My hair is an absolute rats nest from the combination of dry air and being subjected to my hat for the last three days. I lose 1/2 of my hair in an attempt to get through it.
This is our first opportunity to experience a hot shower so we go for it. Unfortunately, the shower is trickling and is scalding hot. This leaves the back side of your body on fire and the front side like ice because the air is below freezing. I actually manage to scald my bum but sure as hell don't investigate
at the time because it's a mad rush to clothe as soon as possible after getting out of there. It's a miracle that my Nepali hair dryer works in the plug. Tahmeena and I use the opportunity to dry our hair, hands, faces, and feet in a desperate attempt to get and stay warm. It works while the dryer is on at least.
We're hungry. There is rice porridge on the menu at this little food place, but they don't have it available. What a tease. With porridge on our minds, we comb town on a grand porridge hunt but to no success. We end up back at the place where we started admit defeat. We go for veg fried rice as an alternative, and it actually ends up being quite tasty. So not 100% disappointed.
We walk to town for our first monastery tour. The place is huge, with thousands of monks calling it home. It was built in the 1400s, before America was established as a country as we now know it. The place is home to the largest bronze statue in the world, and is of the Future Buddha. Each of the temples have vast
yak butter offerings in which wicks are placed and lit. So the yak butter acts as a fuel. Interesting. In the temples, you must also remove your hats (problem), and not take any photos unless you're willing to pay 1500 Yuan ($200).

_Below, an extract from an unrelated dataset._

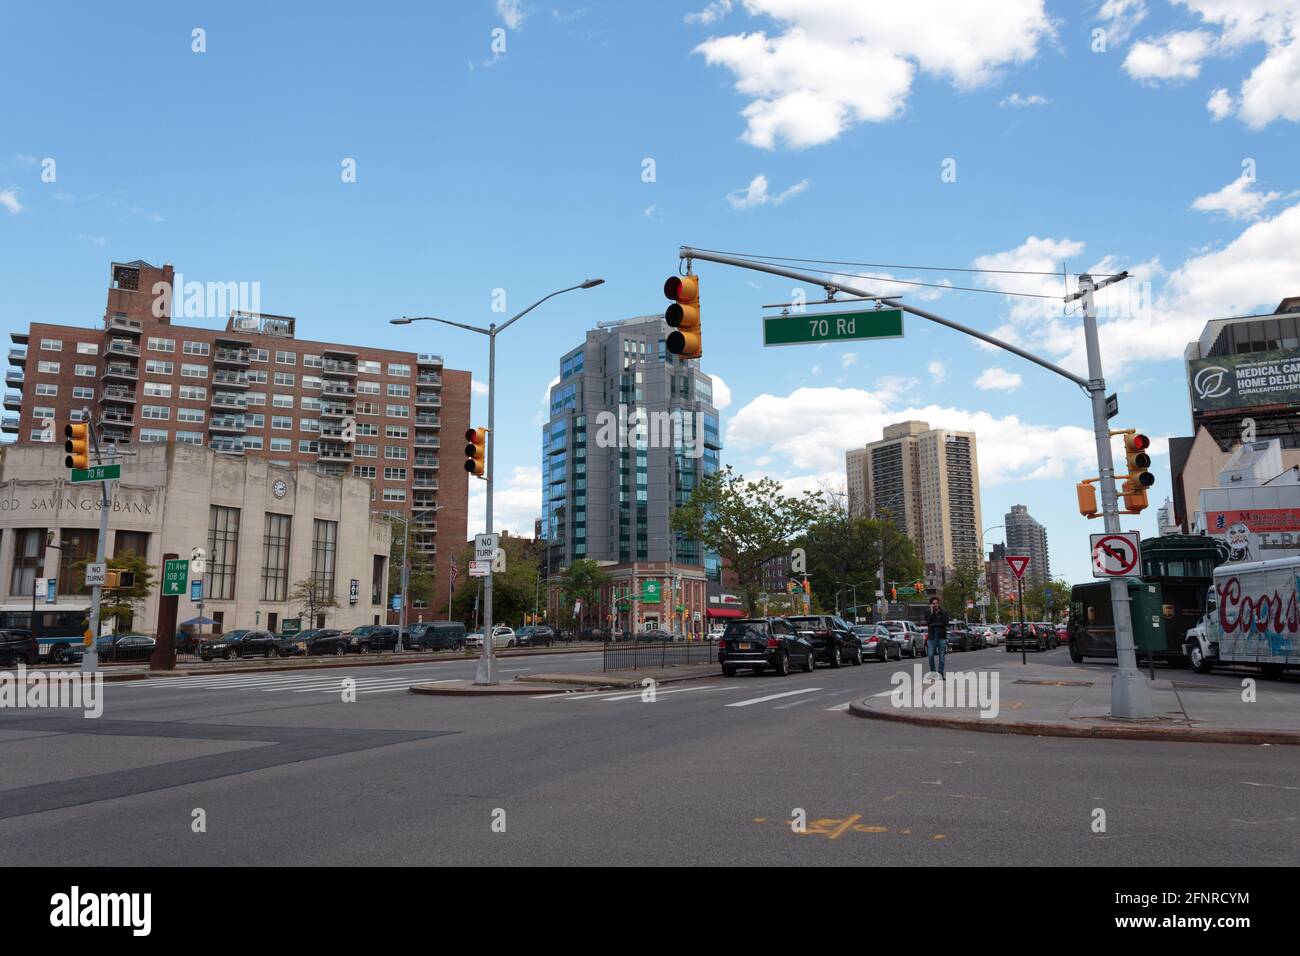 intersection of Queens Boulevard and 70th road in Forest Hills, Queens, New York, Ridgewood Savings Bank on the left Stock Photo

Okay now that's a bit ridiculous.
In the temples, people provide different types of offerings to the buddhas for different types of good luck. At one point, we pass through a very dark tunnel in which you cannot see a thing, in which you simply have to trust yourself. There are also many narrow passageways. There happens to be a monk meeting while we are there, in which the monks are outfitted in funny Renaissance-type gear.
The time comes to head out but you are only supposed to traverse the campus clockwise, or you'll be doomed with bad luck. We cannot immediately find a clockwise exit so hang about for a bit hoping for some sort of divine intervention. No such luck. Eventually, we sniff out a route along the perimeter of the monastery where we run into the cleanup crew- lots of little people with lots of little brooms.
In town, I pick up
the best slippers known to mankind. My feet were cold but they shall be no longer. The Tibetan shops sell lots of beads, knick-knacks, oriental coats, socks, and long underwear. Everyone stares at us as if they've never seen white people before- we're such a novelty! However, they're also very friendly- smiling and saying hello in Tibetan. There are monks out shopping, jesting with one another, smiling a lot- very laid back in general, who knew?
We desperately need heat, food and tea and eventually come across this big place with a proper heater where I'm served the largest spring rolls of all time (aren't they supposed to be small?). Back in the cold room, we are shaking. In the middle of the night, I manage to lose my extra cover, get completely tangled in my sleeping bag, and cannot get any oxygen with my face covered. Was a battle of a night.